A few notes on strategy: residents will see good draw odds across roughly 75% of Montana’s available antelope districts at the preference point level. For non-residents targeting the 900-20 archery permit, 2025 odds ran 31% with one point and climbed to 91% with four — which makes a reasonable case for building points before targeting a competitive district. And some of Montana’s largest bucks come from the easiest-to-draw hunts, so accumulating points for a “premium” district isn’t always the most productive approach.

Montana Antelope: Where to Hunt

Finding the right place to hunt is often the hardest part — especially for non-residents who can’t scout in person before the season opens. Montana offers public access programs, guided outfitter options, and private land opportunities, each with different tradeoffs in cost, competition, and quality.
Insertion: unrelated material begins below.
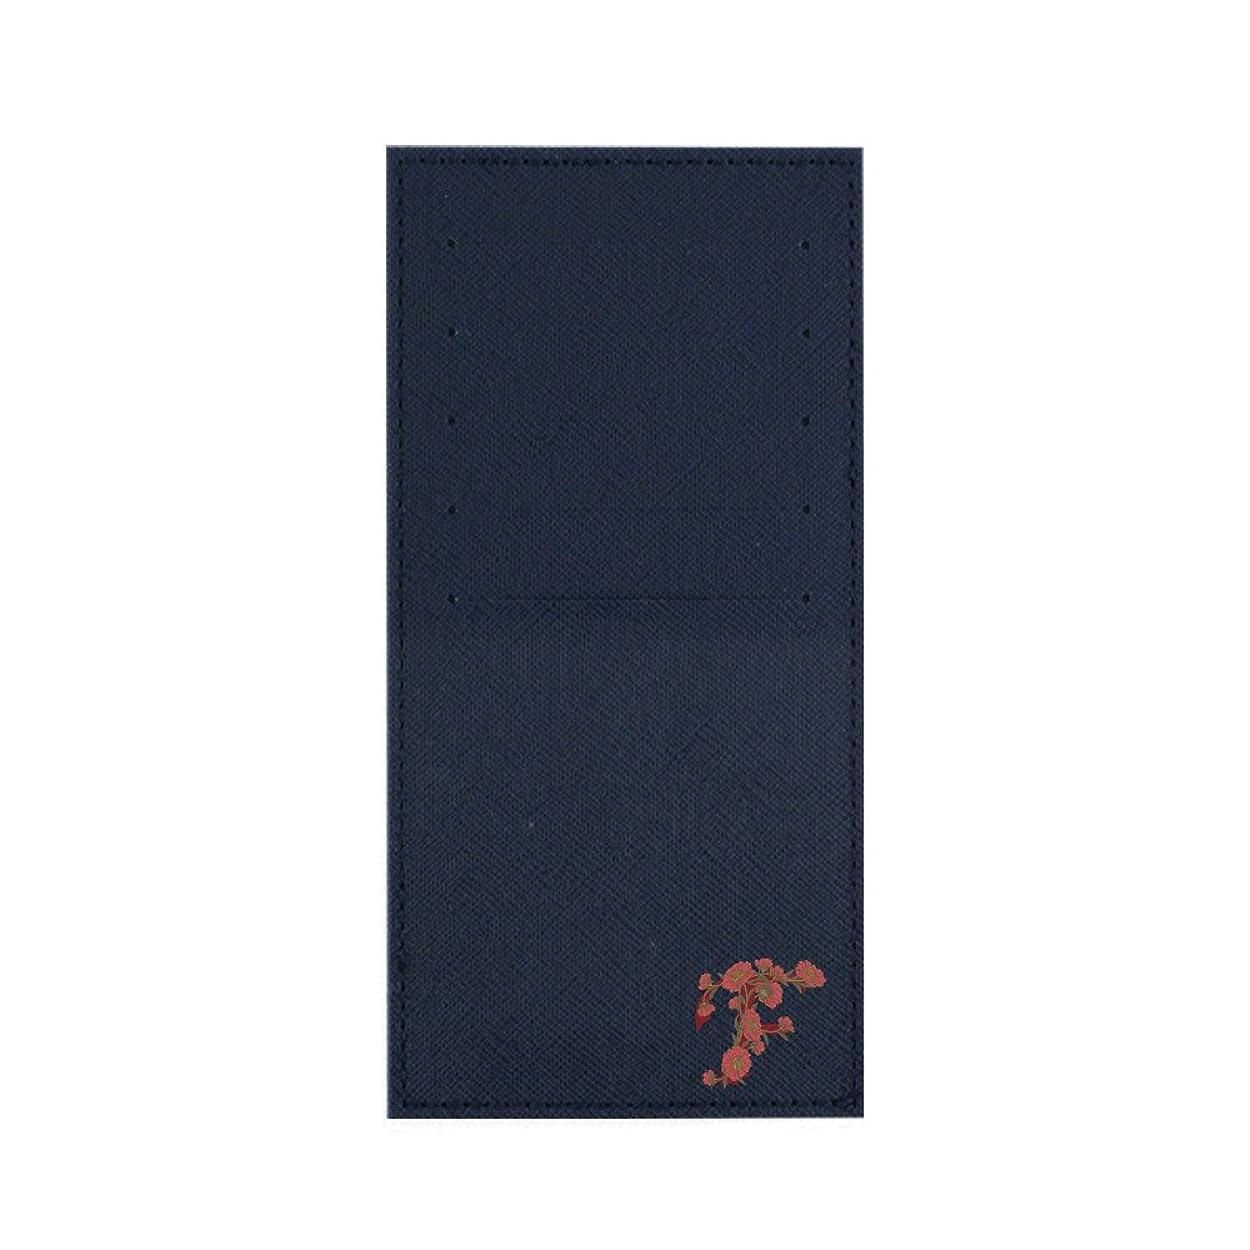 すばらしいです体バラ色インナーカードケース 長財布用カードケース 10枚収納可能 カード入れ 収納 プレゼント ギフト 2794フラワーネーム (F) ネイビー mirai

Best Public Lands for Montana Antelope

Montana’s pronghorn range covers over 11 million acres of public land, with the most productive country concentrated in eastern Montana’s plains and prairie regions. Knowing which access types to pursue — and how to combine them — matters more than raw acreage.

  • BLM (Bureau of Land Management) land — Eastern Montana has large blocks of BLM land interspersed with private holdings, open to public hunting without a fee. These areas include some of the most productive pronghorn country in the state. Use onX Hunt or the FWP Hunt Planner to identify legal parcels within your drawn district before you arrive.
  • Block Management Areas (BMA) — Montana’s Block Management program opens private land to public hunting at no cost through agreements between FWP and participating landowners. Montana has over 8 million acres of Block Management land available statewide, though antelope-specific BMA availability varies by district and year. Maps are available through FWP and updated annually.
  • State land — Montana’s Department of Natural Resources and Conservation (DNRC) administers state trust lands generally open to public hunting. Check DNRC maps alongside FWP district boundaries to identify accessible parcels in your target area.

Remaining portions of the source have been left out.